O que os empresários fizeram mesmo foi acabar com a Justiça do
Trabalho para que o Estado perca
o poder de regular as relações entre
trabalhador e patrão. Entretanto,
não havendo sindicato, o crime organizado vai tomar conta de boa
parcela do sindicalismo brasileiro. Os empresários vão pagar um
preço muito alto por isso”, alertou.

Na
opinião do
coordenador da CSA, Rafael Freire
Neto, o Brasil tem um papel estratégico no combate ao projeto
ultraliberal. “Lamentavelmente,
nosso país está capitaneando os retrocessos sociais na América
Latina e, sendo assim, é maior ainda nossa responsabilidade de unir
a classe trabalhadora de todas as américas para enfrentar com
altivez o golpismo em nível mundial. De acordo com Freire Neto, está na hora de percebermos que “se o problema é global, a resposta tem de ser global. No nosso caso, tem de ser regional, para toda a América Latina. Por isso, espero que os bancários estejam juntos, como sempre estiveram, de toda a classe trabalhadora na luta pela defesa dos nossos direitos”, convocou.


na perspectiva do presidente da CTB, Augusto Vasconcelos, é
necessário levar em consideração a realidade e aponta saídas.
“Precisamos
fazer uma luta para valer, para transformar o Brasil. Precisamos
trazer setores do golpe para o nosso lado. Isso significa ter uma
política ampla para derrotar o Rodrigo Maia e Temer. Precisamos
aproveitar as contradições do seio da burguesia para atrair pessoas
para o nosso lado. Temos de trazer parcelas do setor industrial.
Precisamos nos unir para construir uma política soberana, inclusão
social e preservação dos direitos”, afirmou.

De
acordo com o coordenador da Intersindical,
Edson
Carneiro
ndio“>),
diante da atual crise do capitalismo, o país foi conduzido pelo pior
caminho.

“A maioria dos países que enfrenta uma crise semelhante adotou
medidas restritivas e o Brasil optou por medidas legalizantes.
Estamos completamente abertos aos interesses do rentismo. E as
classes mais baixas da sociedade são quem pagam as contas”,
criticou.

Durante
o debate, os participantes responderam de modo inflamado às questões
apresentadas pelos palestrantes. Cerca de dez delegados
inscreveram-se para apresentar suas perspectivas e propostas a fim de
contribuir ao desenvolvimento das linhas de atuação da categoria
para a construção do plano nacional de lutas.

A
programação segue à com uma mesa
sobre
“Defesa
do Emprego frente às novas tecnologias”, com a presença da
técnica do Departamento Intersindical de Estatística e Estudos
Socioeconômicos (DIEESE), Vivian Rodrigues; e, do representante da
Associação 28 de Agosto, Moisés Marques. 

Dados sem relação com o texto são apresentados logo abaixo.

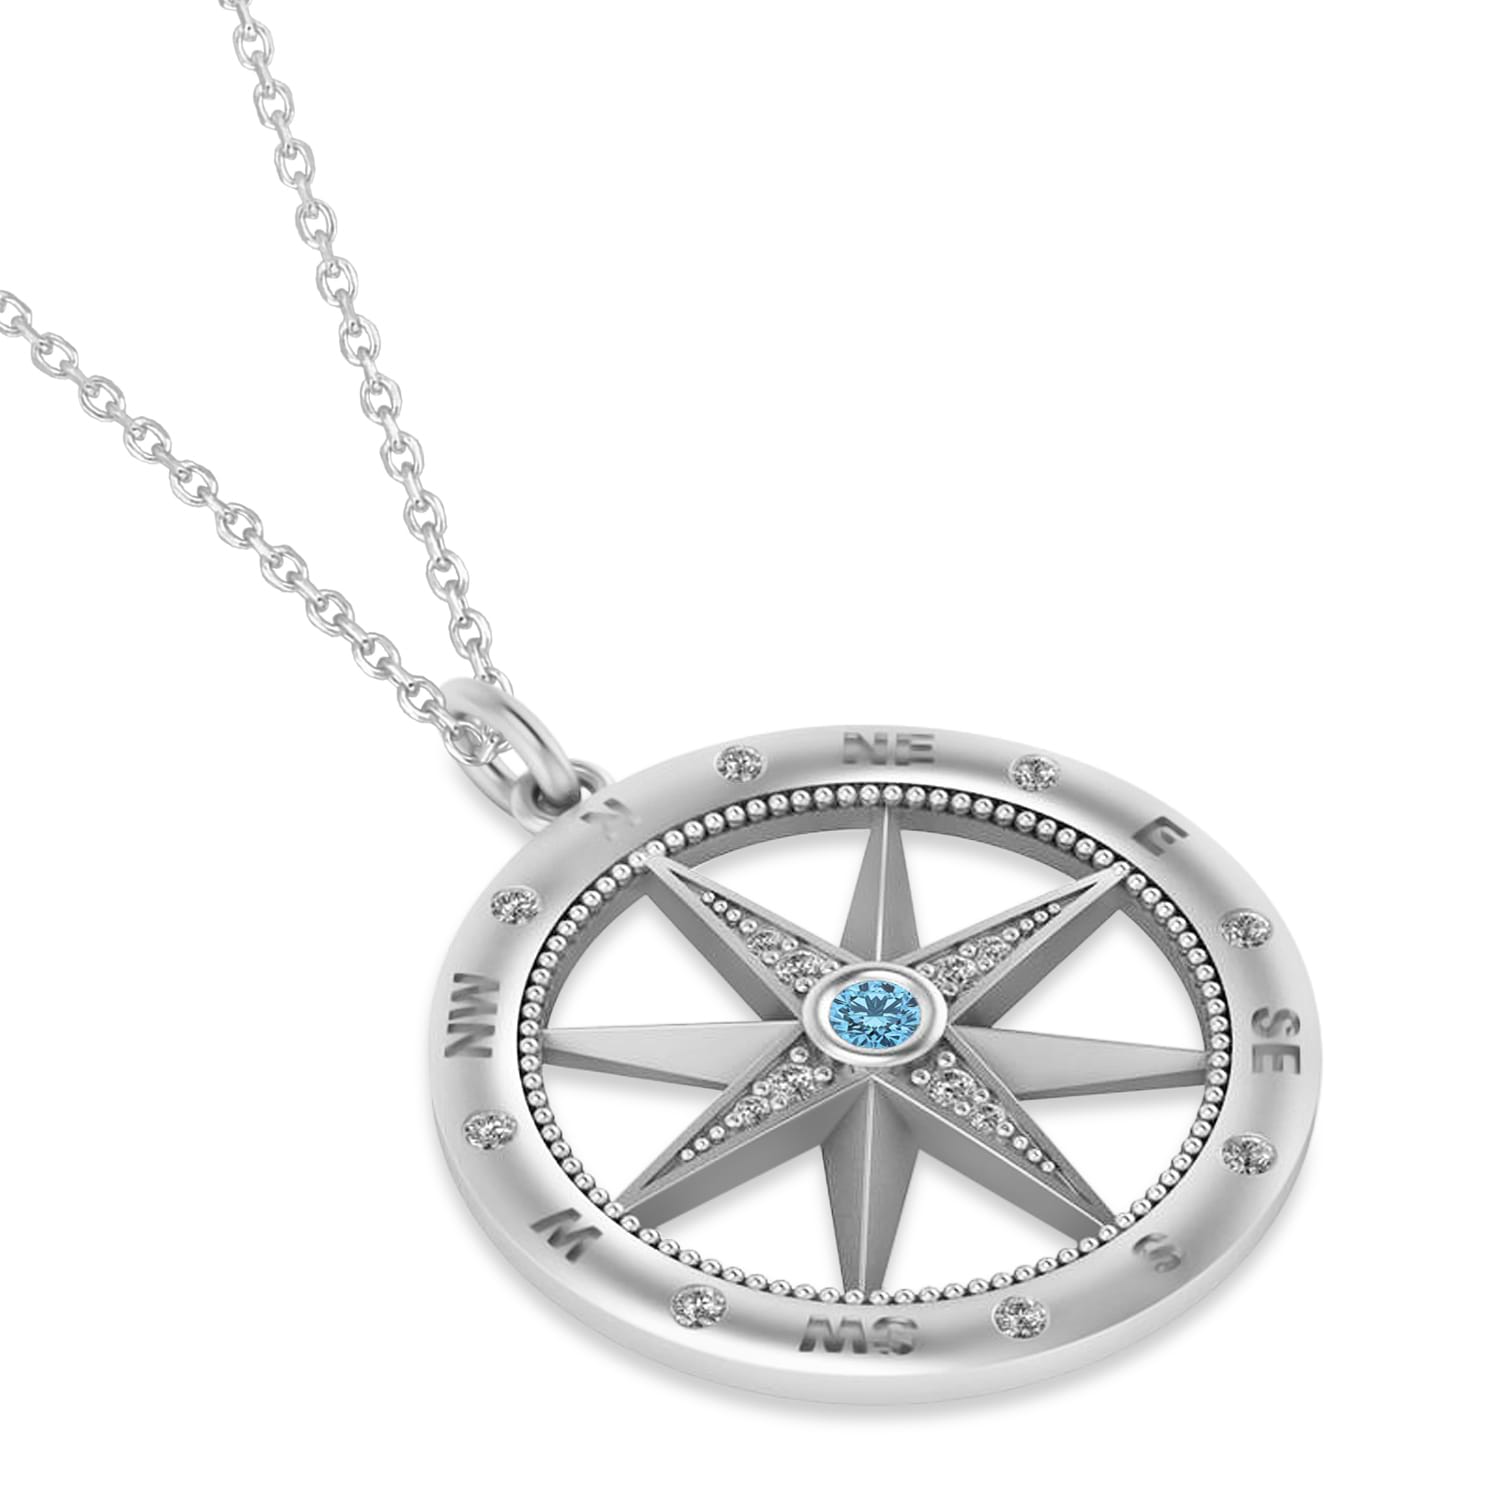 Large Compass Pendant For Men Blue Topaz & Diamond Accented 14k White Gold (0.38ct)

No turno da tarde, entra em pauta o debate sobre a “Reforma trabalhista”, lastreado nas palestras do
senador da República, Roberto Requião; do coordenador do
Dieese,Clemente Ganz Lucio; e, da professora da Universidade Federal
de Minas Gerais (UFMG), Daniella Muradas. O quarto e último tema do dia é a “Reforma previdenciária”, subsidiada pela palestra
da professora da Universidade do Rio de Janeiro (UFRJ), Denise Lobato
Gentil.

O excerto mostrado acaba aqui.